Simulations point to graphene oxide frameworks potential in water purification

Apr 28, 2014 by Morgan Mccorkle
Simulations by Oak Ridge National Laboratory and Rensselaer Polytechnic Institute reveal the potential of graphene oxide frameworks, pictured in black, to remove contaminants such as salt ions, seen in blue and green, from water. Credit: Adrien Nicolaï/RPI.

(Phys.org) —Computational modeling has given materials researchers new insight into the properties of a membrane that purifies saltwater into potable water. The resulting technology could help speed up inefficient desalination processes in use today.

Researchers at Oak Ridge National Laboratory and Rensselaer Polytechnic Institute used supercomputer simulations at RPI's Center for Computational Innovations to explore the purification potential of a hybrid material called graphene oxide frameworks, or GOFs, first introduced in 2010.

"This is basically sheets of oxidized graphene connected by specific chemical linkers from some of the oxidation sites," said ORNL's Bobby Sumpter. "Because it's composed mainly of strongly bonded carbon, it doesn't decompose in and has good mechanical properties. It's an exciting material with potential for numerous applications."
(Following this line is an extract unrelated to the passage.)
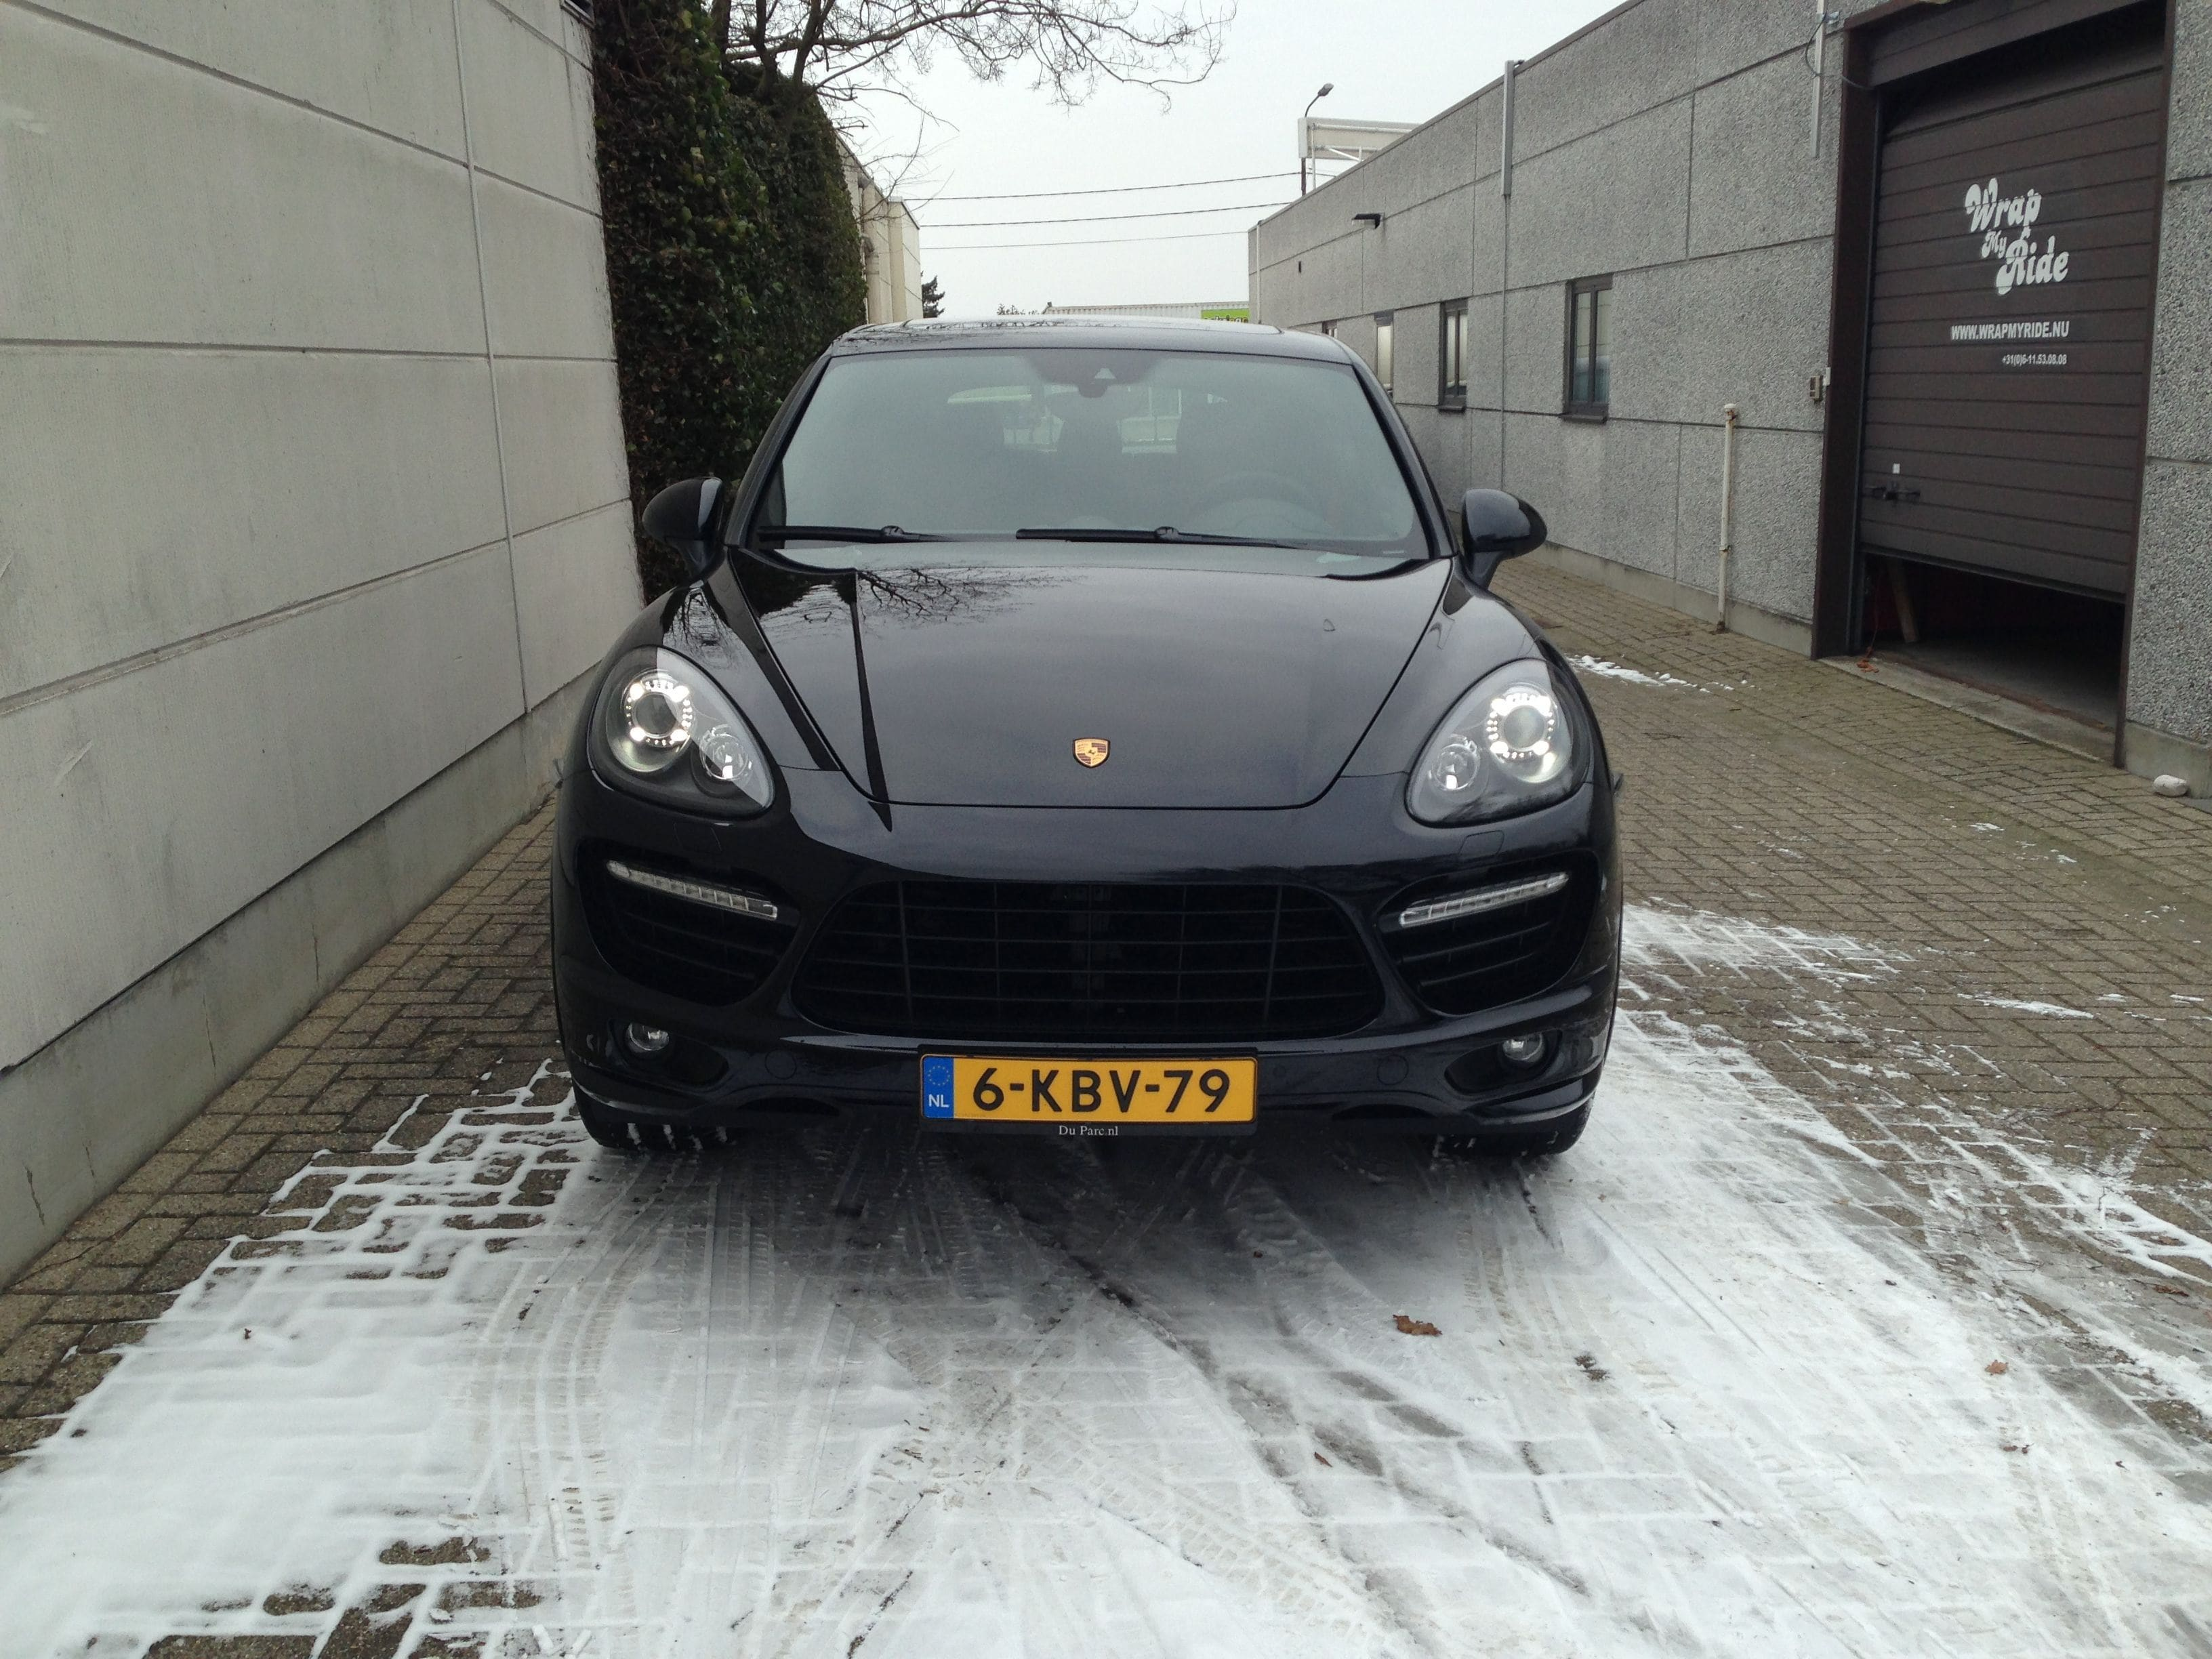 Porsche Cayenne GTS met Gunpowder Wrap, Carwrapping door Wrapmyride.nu Foto-nr:6759, ©2020

Initially intrigued by GOFs' tunable electronic properties, Sumpter and RPI's Vincent Meunier soon realized the material could be used as a desalination membrane.

Reverse osmosis systems, which make up approximately 40 percent of the world's desalination capacity, generate fresh water by applying pressure to force saltwater through a semi-permeable membrane.

"One big problem for desalination is speed—how much water can you push through per day," said Meunier, the Gail and Jeffrey L. Kodosky '70 Constellation Professor of Physics, Information Technology, and Entrepreneurship at RPI. "You can have a great membrane material but if you can treat only a cup of water a day, that's not going to be useful or cost-effective."

After developing computational models to describe the interactions among the material's atoms, Sumpter, Meunier and RPI's Adrien Nicolaï set out to compute the ideal configuration for a GOF desalination membrane. They used high-performance computers to simulate how layer thickness, the density of the linking pillars, and applied pressure affect the material's performance.

"There's a sweet spot for the density of the linkers," Meunier said. "If you have a high density of linkers, it'll be super selective, but it will also slow it down. You need both selectivity and permeability."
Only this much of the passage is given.